# Dataset extract
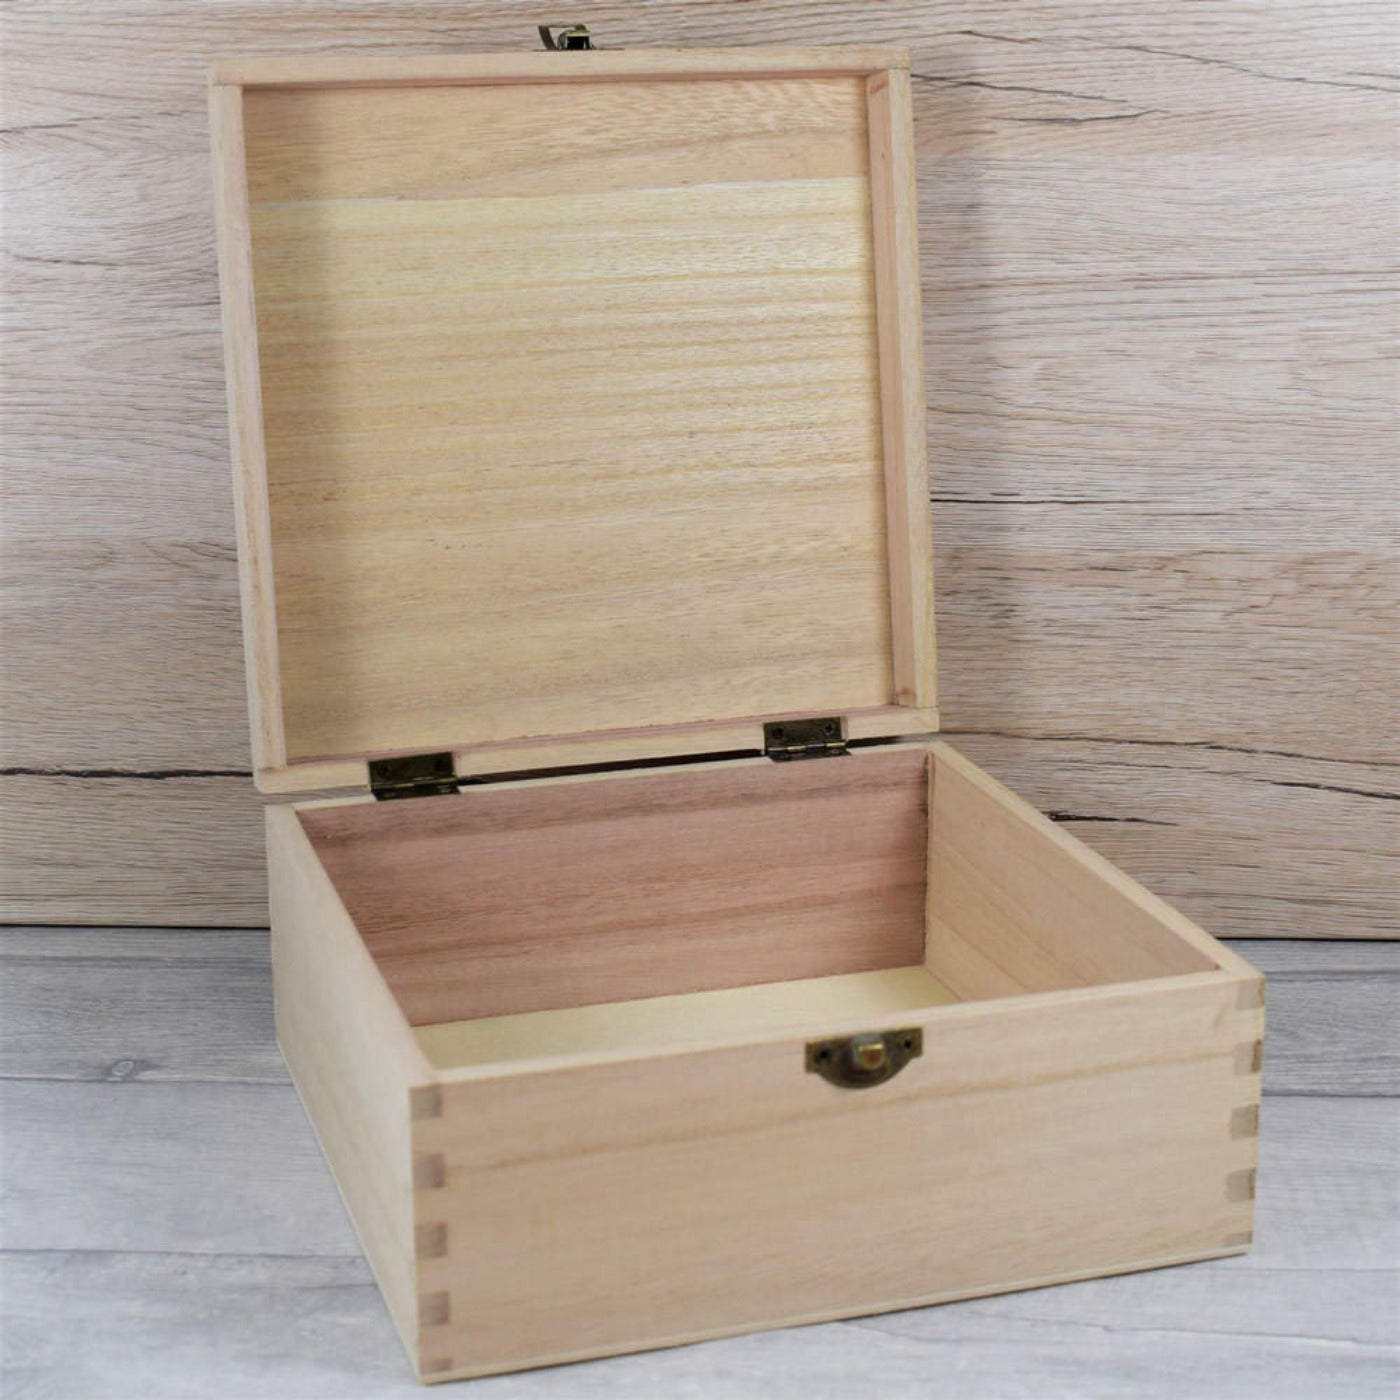 Personalised Wooden Keepsake Box - Initials
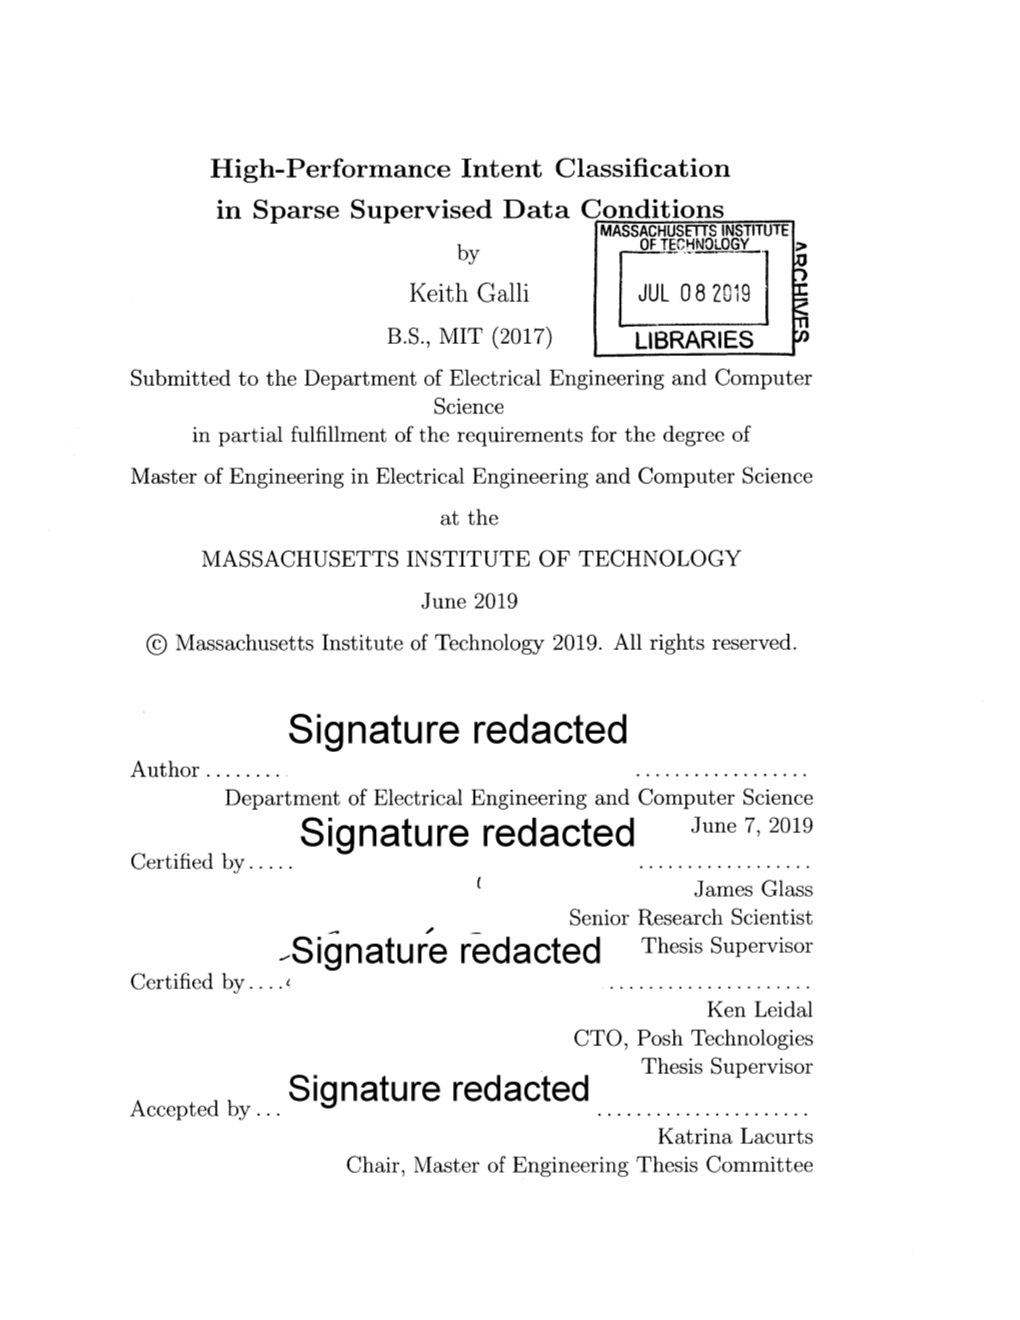 Signature Redacted a Uthor
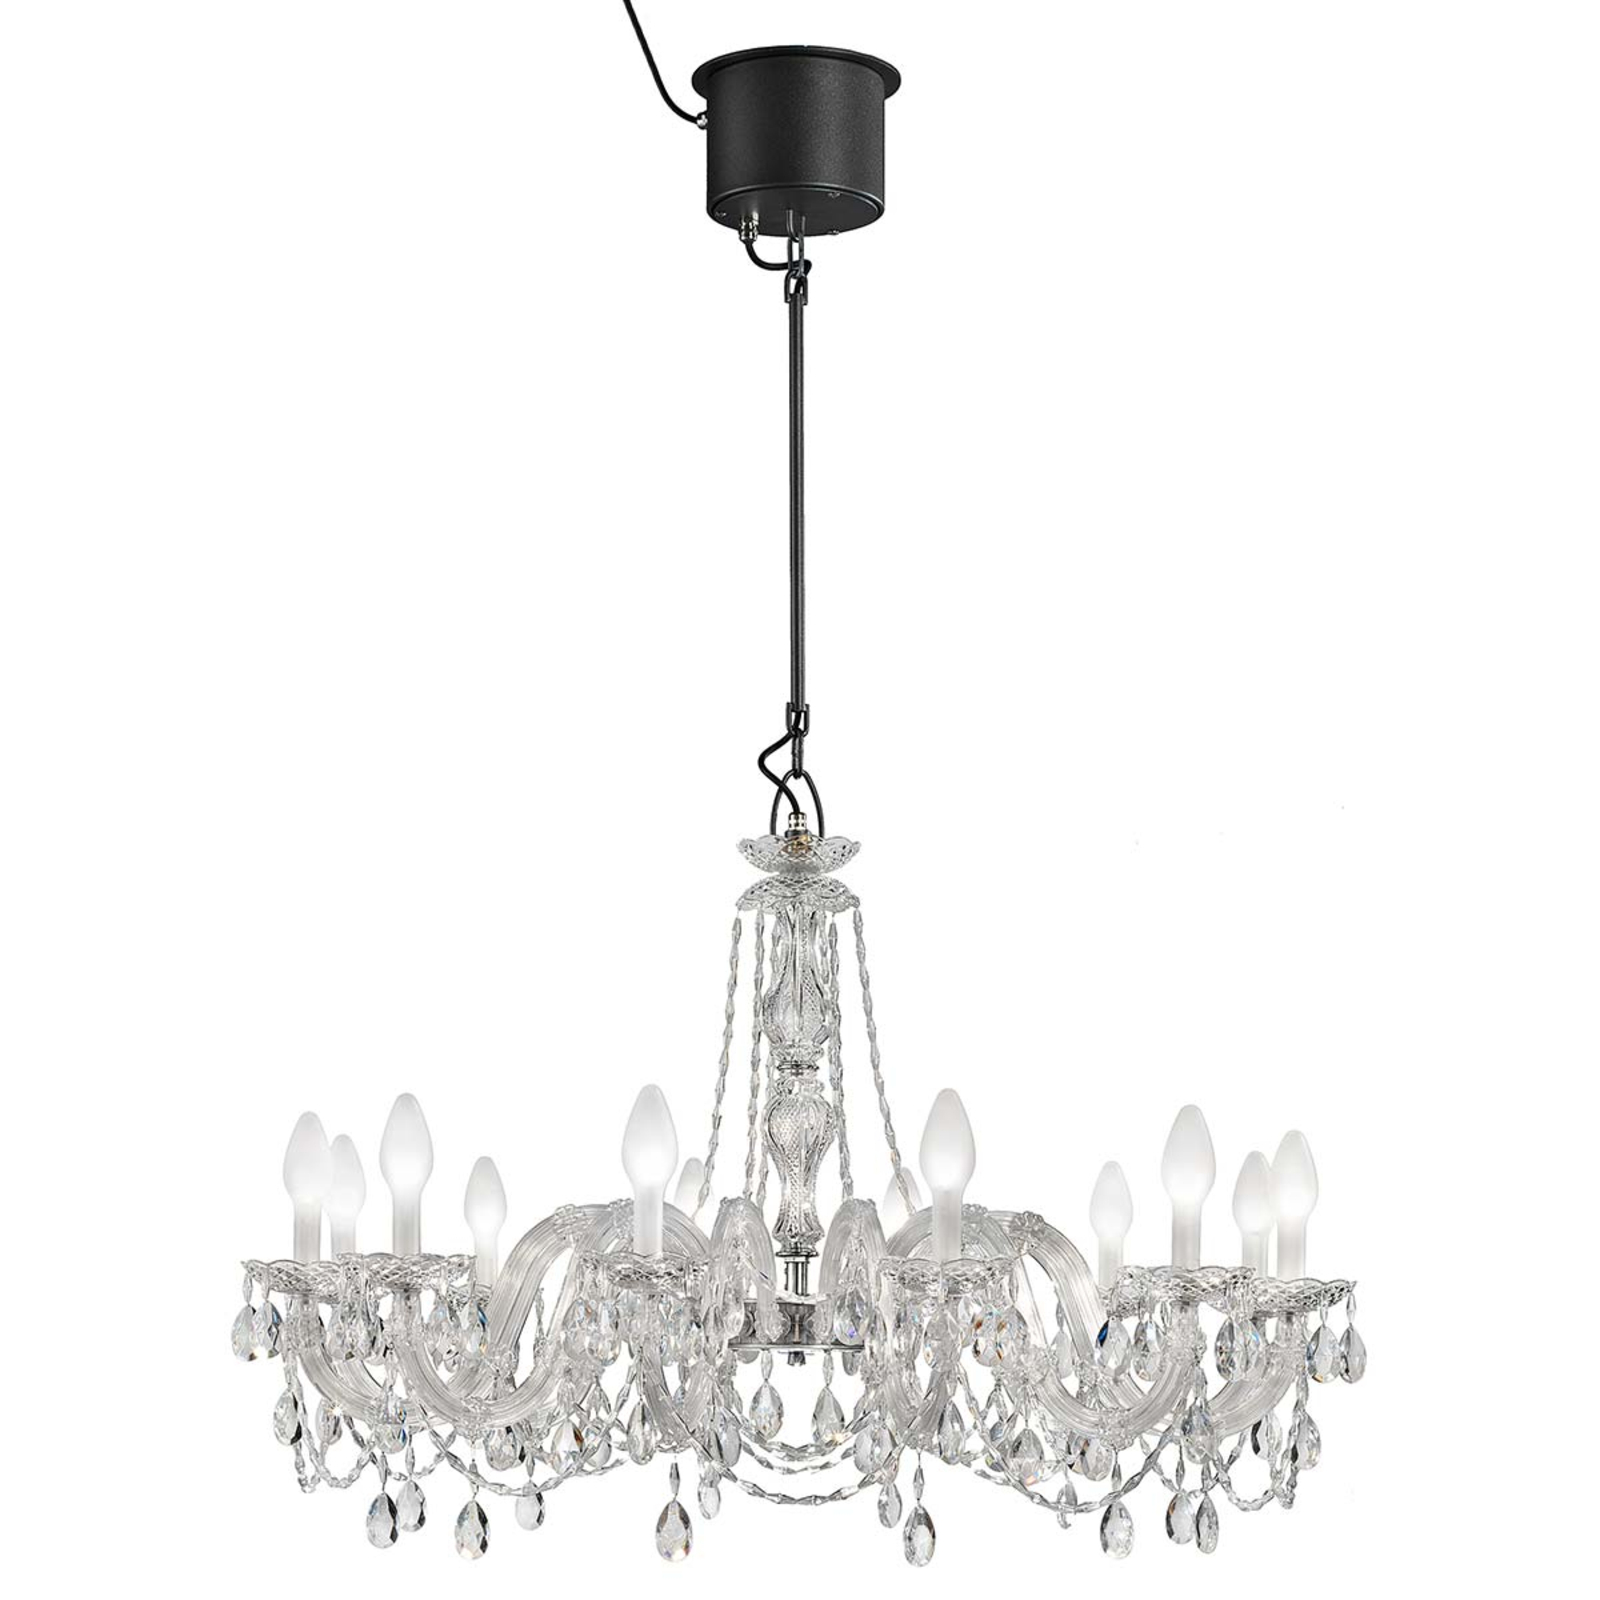 Drylight S12 12-bulb outdoor LED chandelier

# Task details
The task calls for repeating each line above exactly while excluding the pictures.

# Exercise answer
 Personalised Wooden Keepsake Box - Initials
 Signature Redacted a Uthor
 Drylight S12 12-bulb outdoor LED chandelier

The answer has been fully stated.